If response_format: "url", replace b64_json with url of equal shape on both composite and layers[].


Deferred to v1.1

The following are model-class gaps the catalog knows about but does not pin in v1.0. Sketches here are non-normative.

New endpoints

  • /v1/video/segmentations — SAM3-video. Adds time_ms to point prompts; response is per-frame mask sequence.
  • /v1/audio/separations — Demucs-style stem separation (vocals/drums/bass/other) without prompts. Sibling to /v1/audio/segmentations; the former is unprompted decomposition, the latter is prompt-conditioned extraction.
  • /v1/audio/generations — MusicGen / Stable Audio Open. Distinct from /v1/audio/speech (TTS): general audio synthesis from a text prompt.
  • /v1/realtime — speech-to-speech via WebSocket. Aligns with OpenAI's Realtime API once that signature stabilizes.

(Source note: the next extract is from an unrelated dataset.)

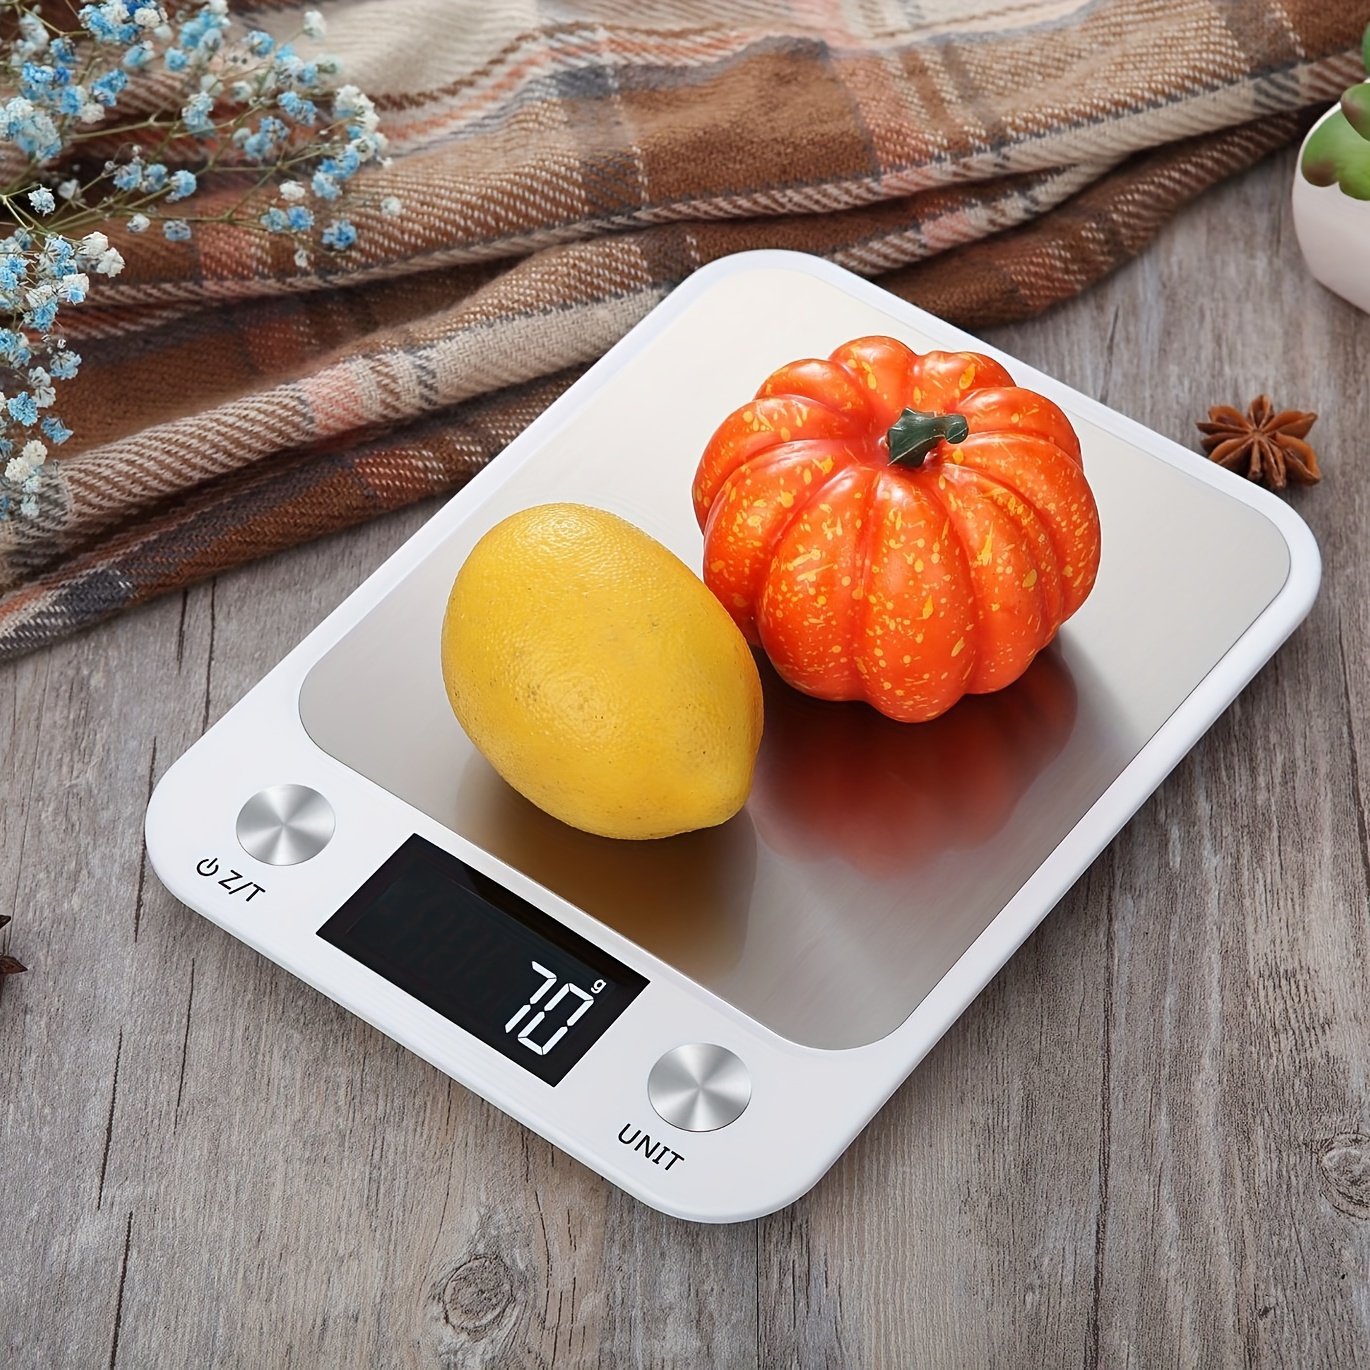 Digital Kitchen Food Cooking Scale Weight Balance in Pounds, Grams,  Ounces,& KG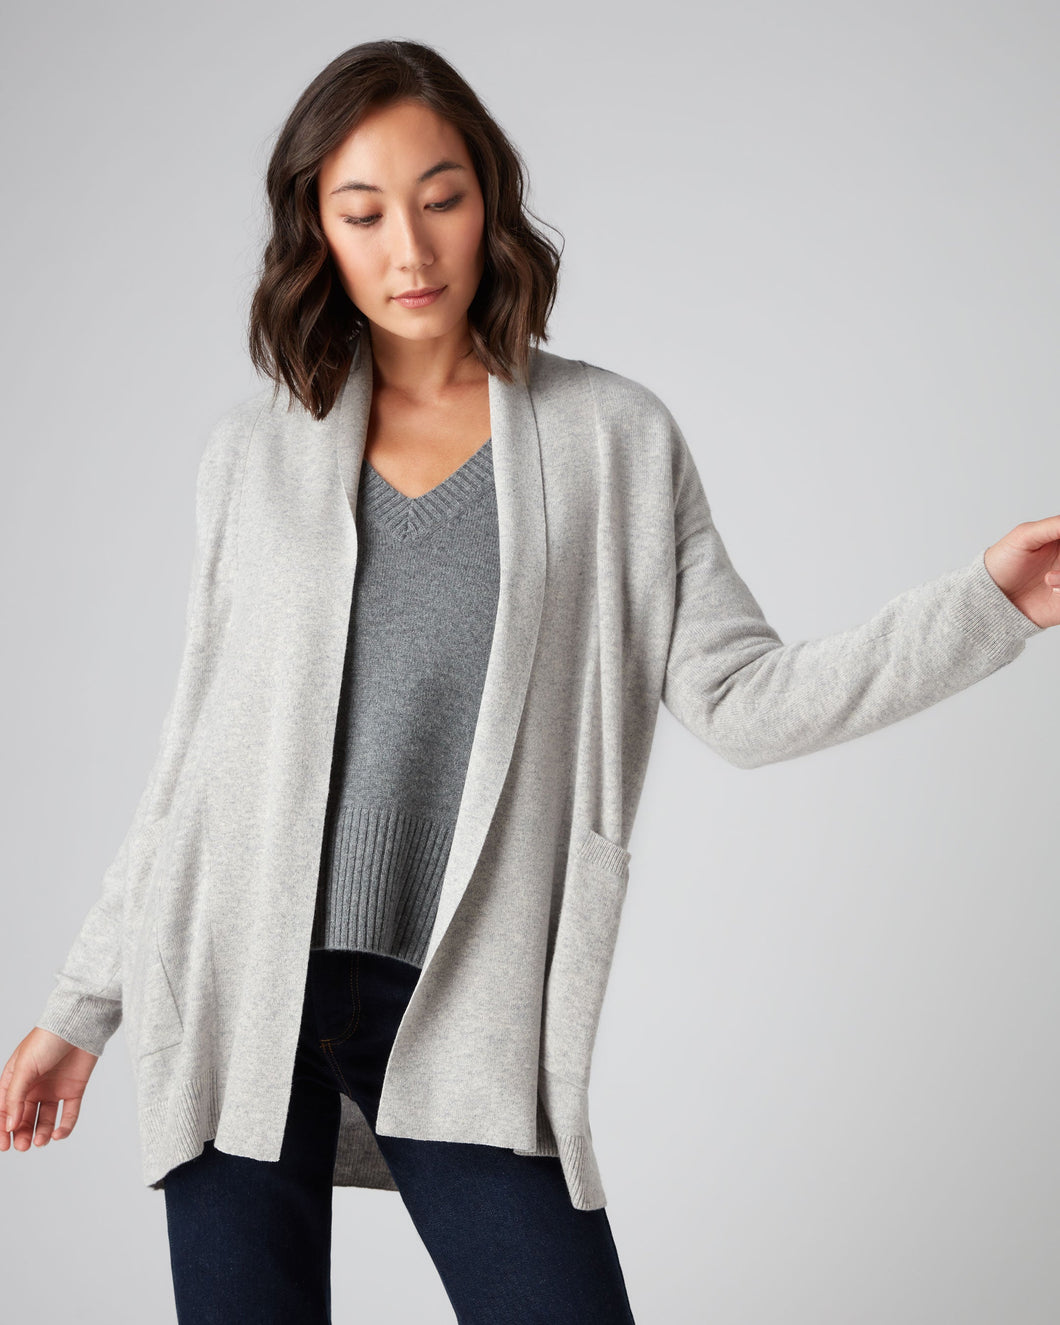 N.Peal Women's Cable Sleeve Cashmere Cardigan Fumo Grey

Refinements to existing v1.0 endpoints

  • Per-model capability advertisement. Each entry in /v1/models gains an optional x_ht_compat field (e.g. ["reranking", "omni"]) so clients can pick the right model without trial-and-error.
  • Omni multi-turn audio reuse. Allow clients to reference a prior audio.id instead of re-base64-ing the bytes every turn (cf. OpenAI Realtime's previous_item_id).
  • Omni streaming chunk framing. Pin codec-aligned framing for delta.audio.data once a reference impl exists; v1.0 leaves it implementation-defined.
  • Segmentation multi-prompt batching. Add prompt_index on masks if multi-prompt-per-request becomes a real need (currently all prompts collapse to one query per SAM convention).

How to propose changes

Open a PR against this file with the proposed endpoint, the reference implementation it aligns with, and a paragraph on why. We will not merge an endpoint until at least one OSS implementation can be pointed at it — HT-compat is a convergence target, not aspirational design.